The misunderstanding is that the uncertainty relation refers to the accuracy of measurements and to the perturbation of the measured system by the measurement. This is utterly wrong! The uncertainty relation refers to properties of the state of the system and thus to the preparation of a system in a given state. It's very general since all it needs to be derived is that observables are represented by self-adjoing operators and that the scalar product of a Hilbert space is positive definite.
If ##A## and ##B## are observables, represented by the self-adjoint operator ##\hat{A}## and ##\hat{B}## then for any (pure or mixed) state
$$\Delta A \Delta B \geq \frac{1}{2}|\langle [\hat{A},\hat{B}] \rangle|,$$
where the expectation values are calculated with the state the particle is prepared in, which is represented by a statistical operator ##\hat{\rho}##, cf.
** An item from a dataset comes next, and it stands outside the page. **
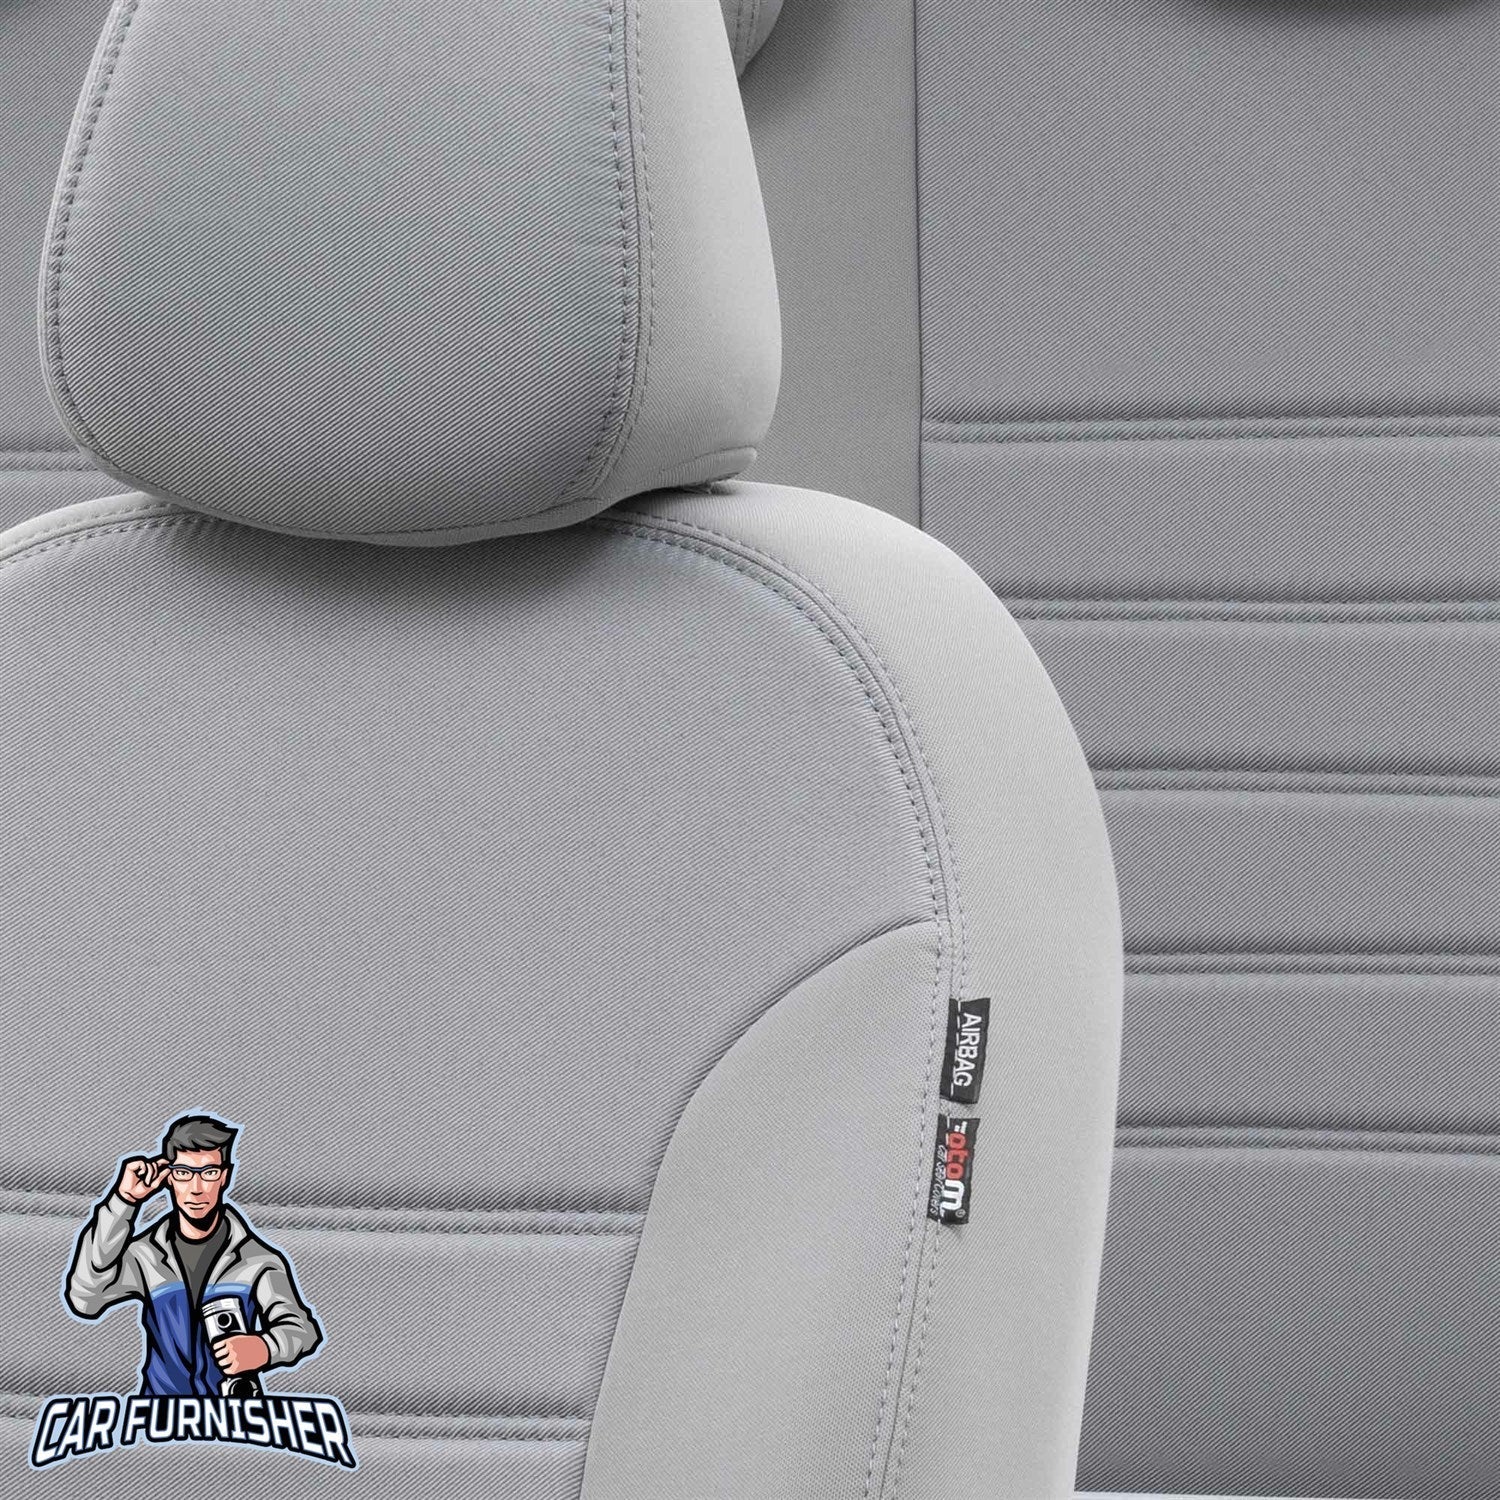 Honda HRV Seat Covers Original Jacquard Design Light Gray Jacquard Fabric

$$\langle f(\hat{A}) \rangle=\mathrm{Tr} (\hat{\rho} \hat{A}).$$
The standard deviations are defined by
$$\Delta A^2=\langle \hat{A}^2 \rangle - \langle \hat{A} \rangle^2.$$
Let's discuss the meaning using the position component ##x## of a particle and the momentum component in the same direction ##p##. Then we have ##[\hat{x},\hat{p}]=\hbar \hat{1}##, and the uncertainty relation reads
$$\Delta x \Delta p \geq \frac{\hbar}{2}.$$
This tells us that if the particle is prepared in a state with a pretty accurate localization, i.e., such that ##\Delta x## is pretty small, then necessarily ##\Delta p## is pretty large, i.e., not very well determined. So the Heisenberg uncertainty relation tells you about certain limits of accurate determination of two non-compatible observables by state preparation.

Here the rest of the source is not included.